The Shadow of Reichenbach Falls
- First edition
- Author: John R. King
- Language: English
- Genre: Adventure, Mystery
- Published: 2008 (Forge Books)
- Publication place: United States
- Media type: Novel
- Pages: 352
- ISBN: 978-0765318015 (first edition)

= The Shadow of Reichenbach Falls =

2008 novel by John R. King

The Shadow of Reichenbach Falls is a 2008 mystery pastiche novel written by John R. King, that presents an alternate account of the battle between Sherlock Holmes and his nemesis Professor Moriarty; originally depicted in The Final Problem.

==Plot==
As he tours Europe, Thomas Carnacki ends up in Meiringen, Switzerland and upon visiting Reichenbach Falls he stumbles upon Holmes and Moriarty locked in mortal combat. One man goes over the falls and as Carnacki comes to his assistance he is fired upon by the other.

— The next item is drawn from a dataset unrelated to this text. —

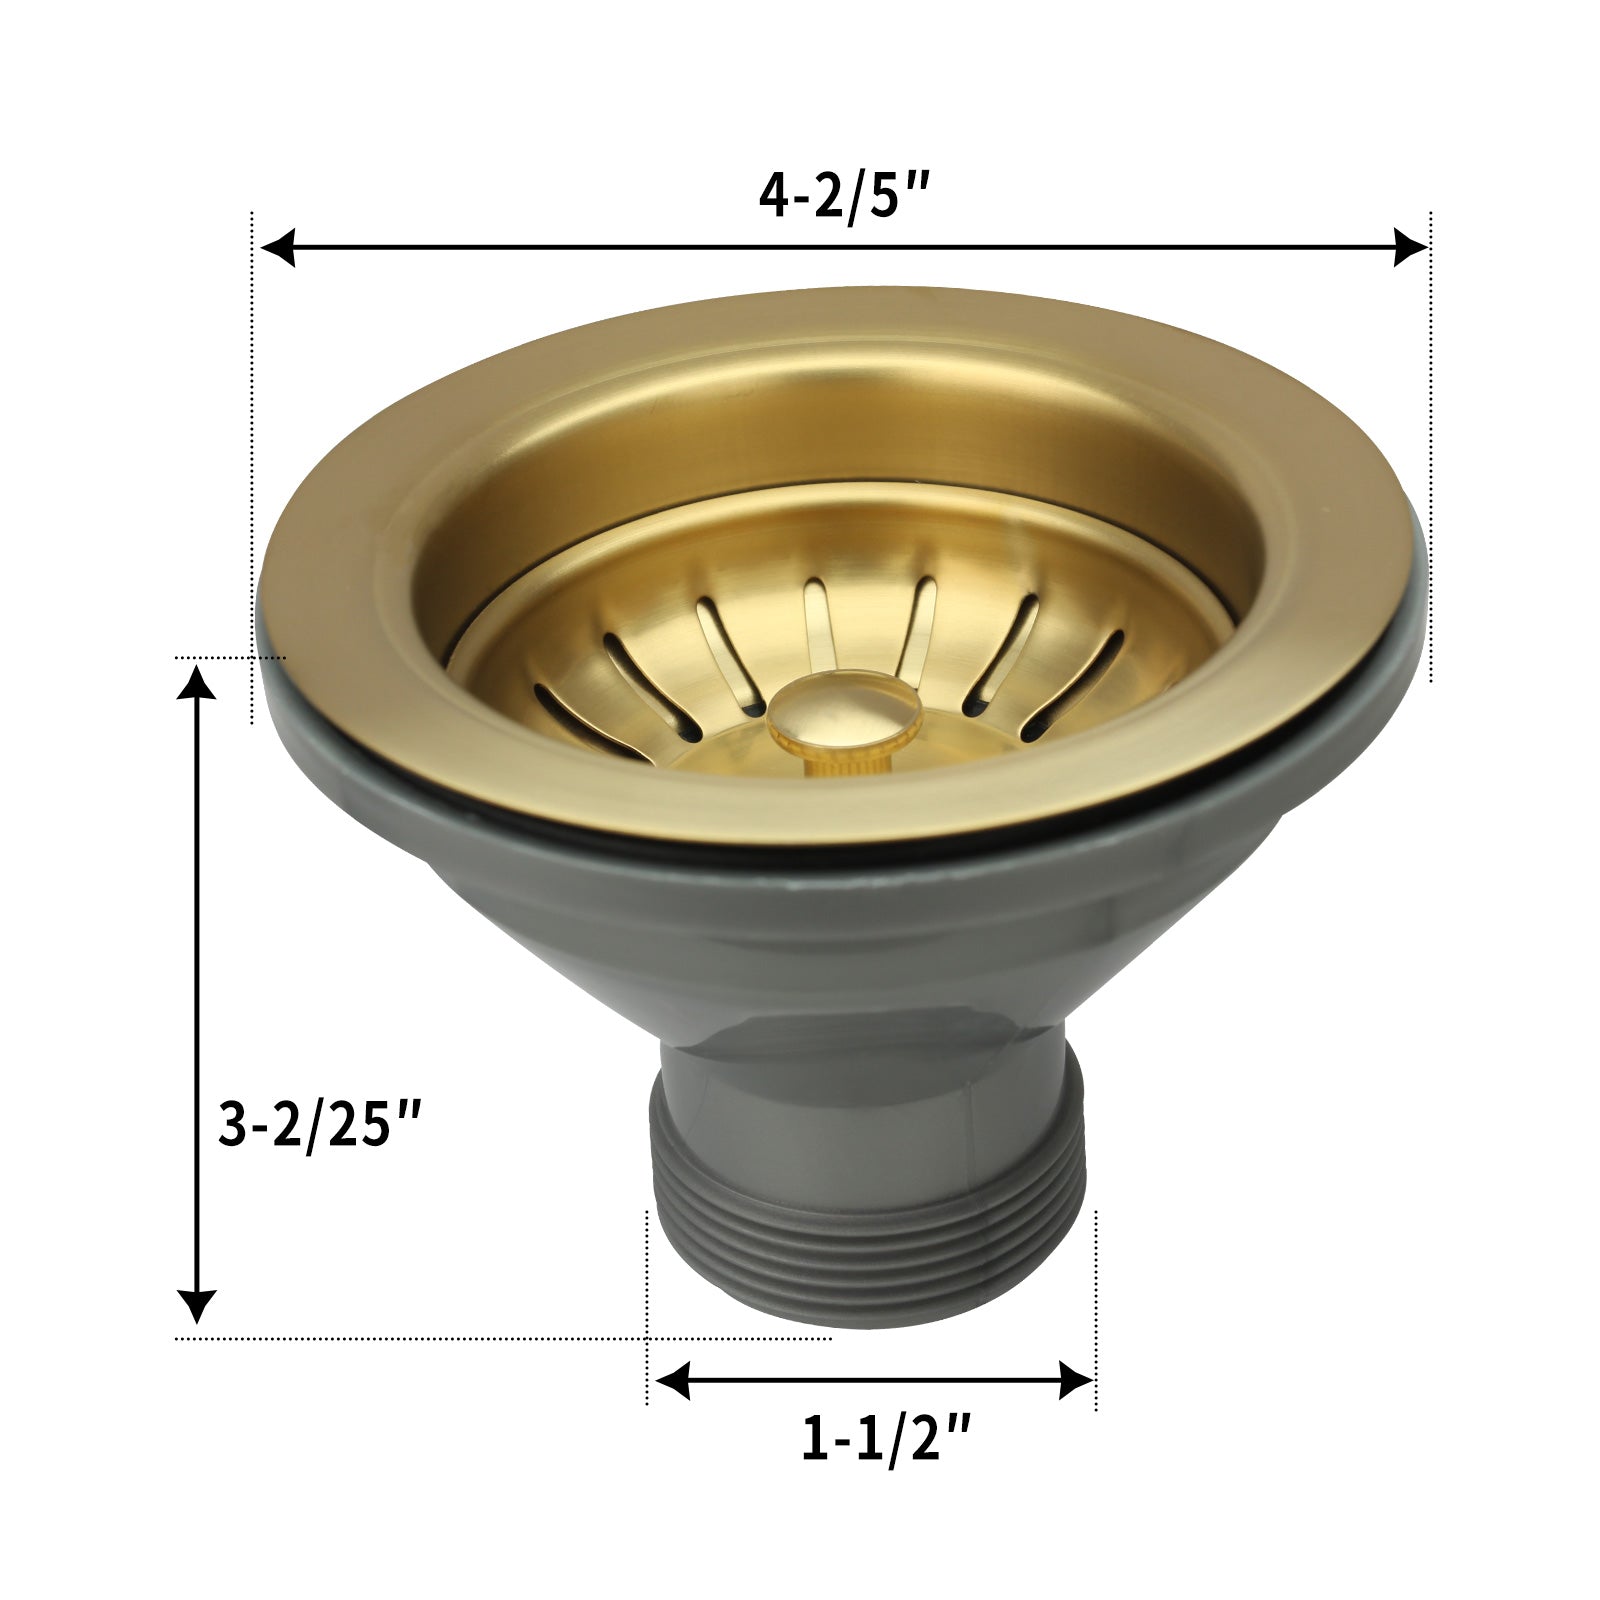 Brushed Gold Kitchen Sink Stopper Replacement for 3-1/2 Inch Standard Strainer Drain - AK82102BTG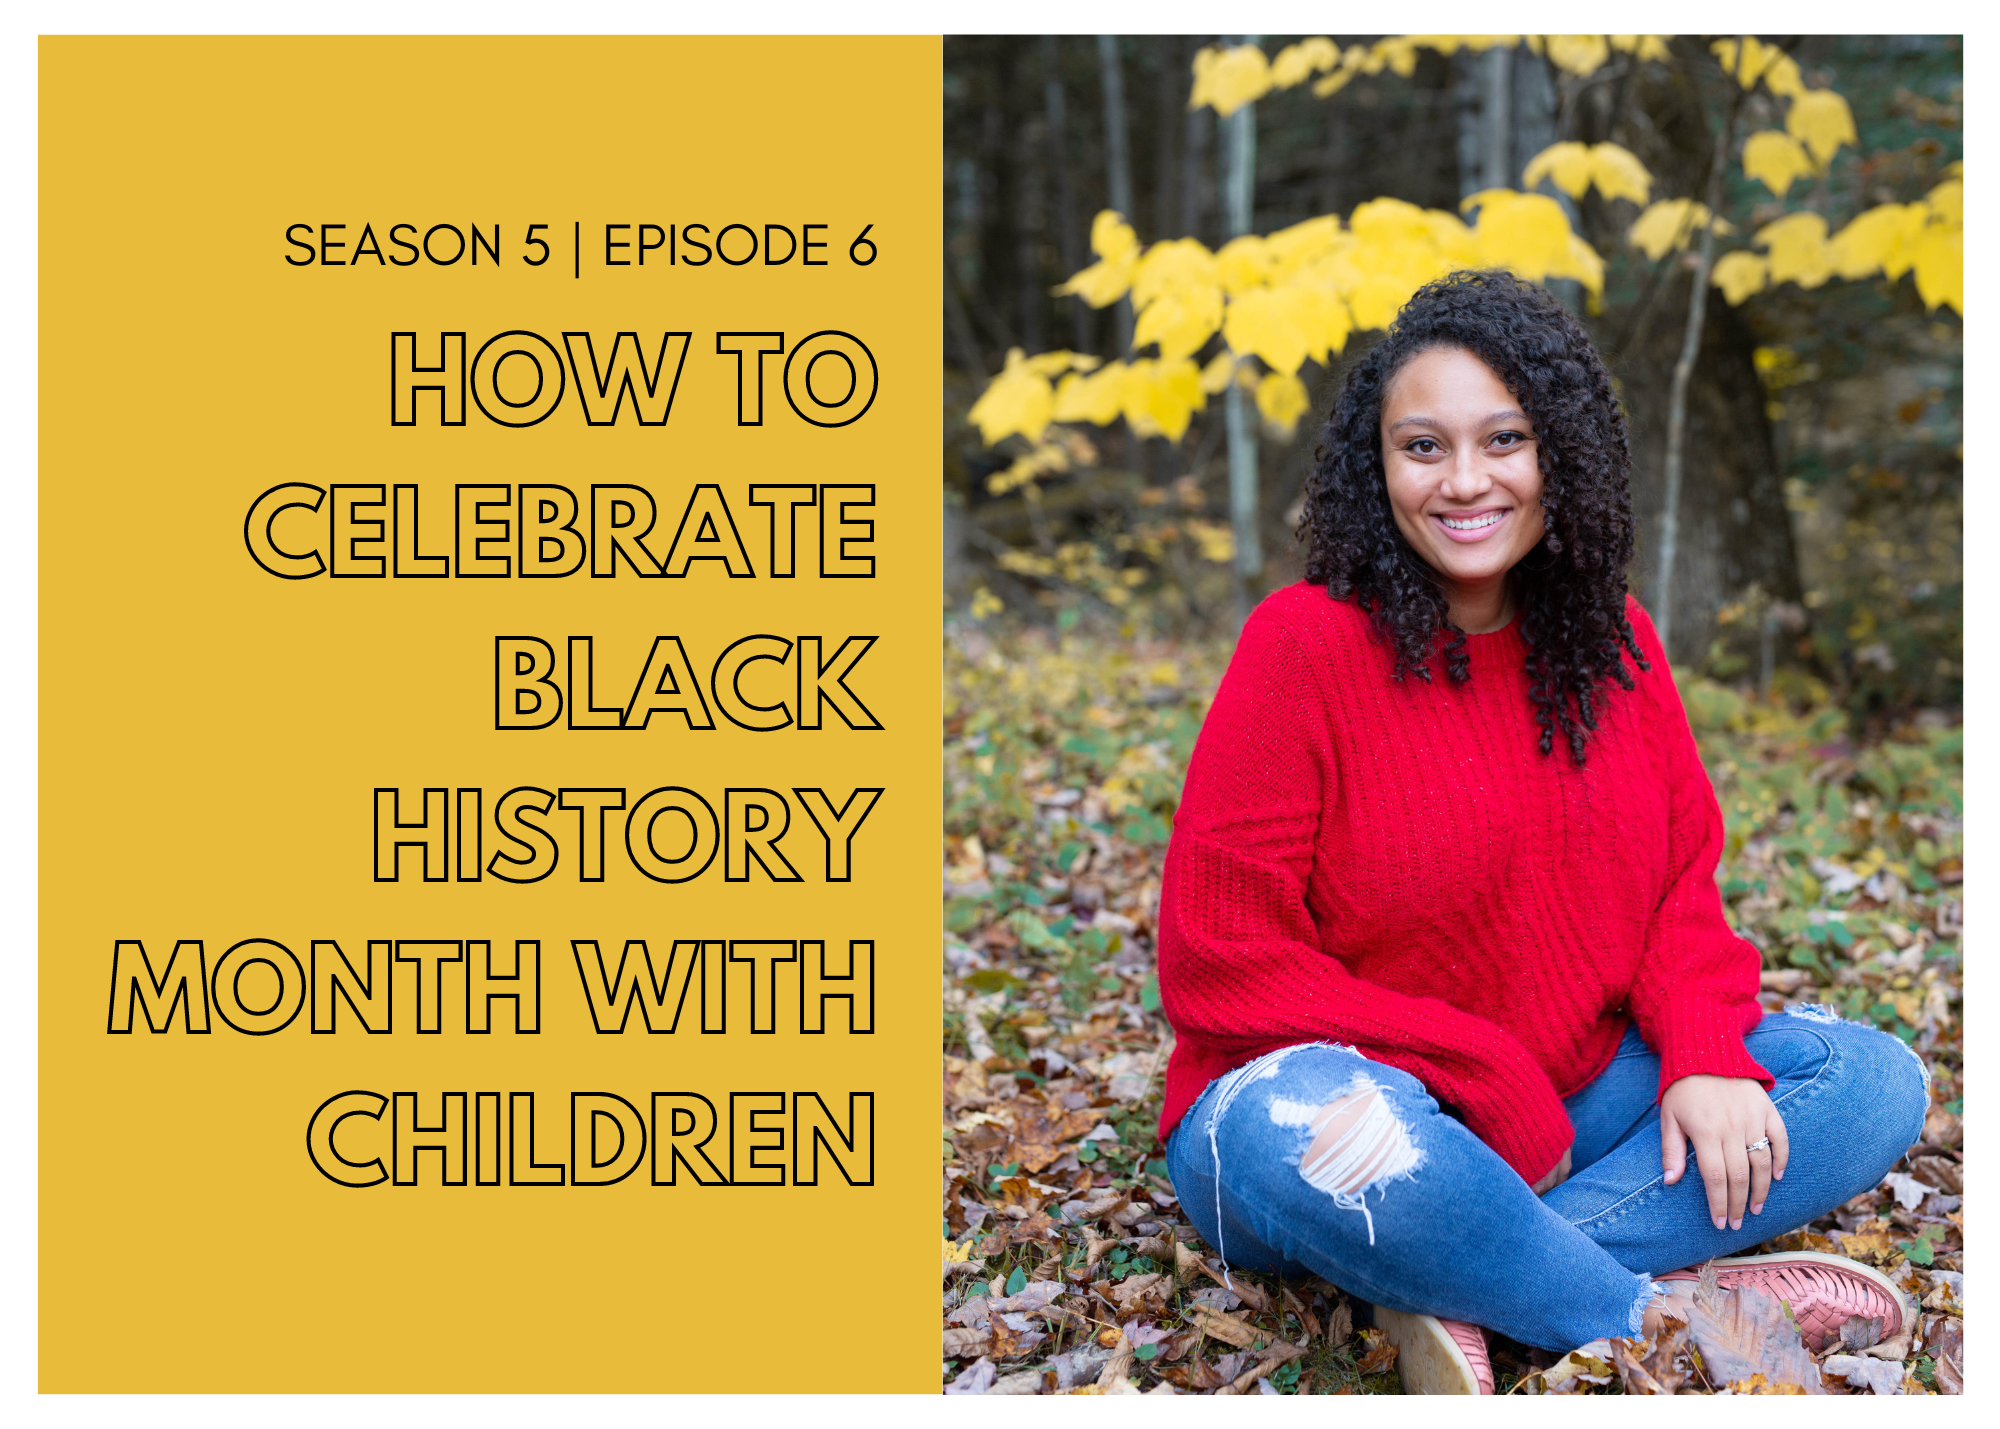 How to Celebrate Black History Month With Children

The story is told in three distinct parts: the first is narrated by Carnacki, the second from the memoirs of Moriarty, and the final section by Sherlock Holmes.

==Reception==
Publishers Weekly described the book as "muddled" and "gimmicky". Kirkus Reviews was more positive and claimed the novel may create new fans of William Hope Hodgson's Carnacki.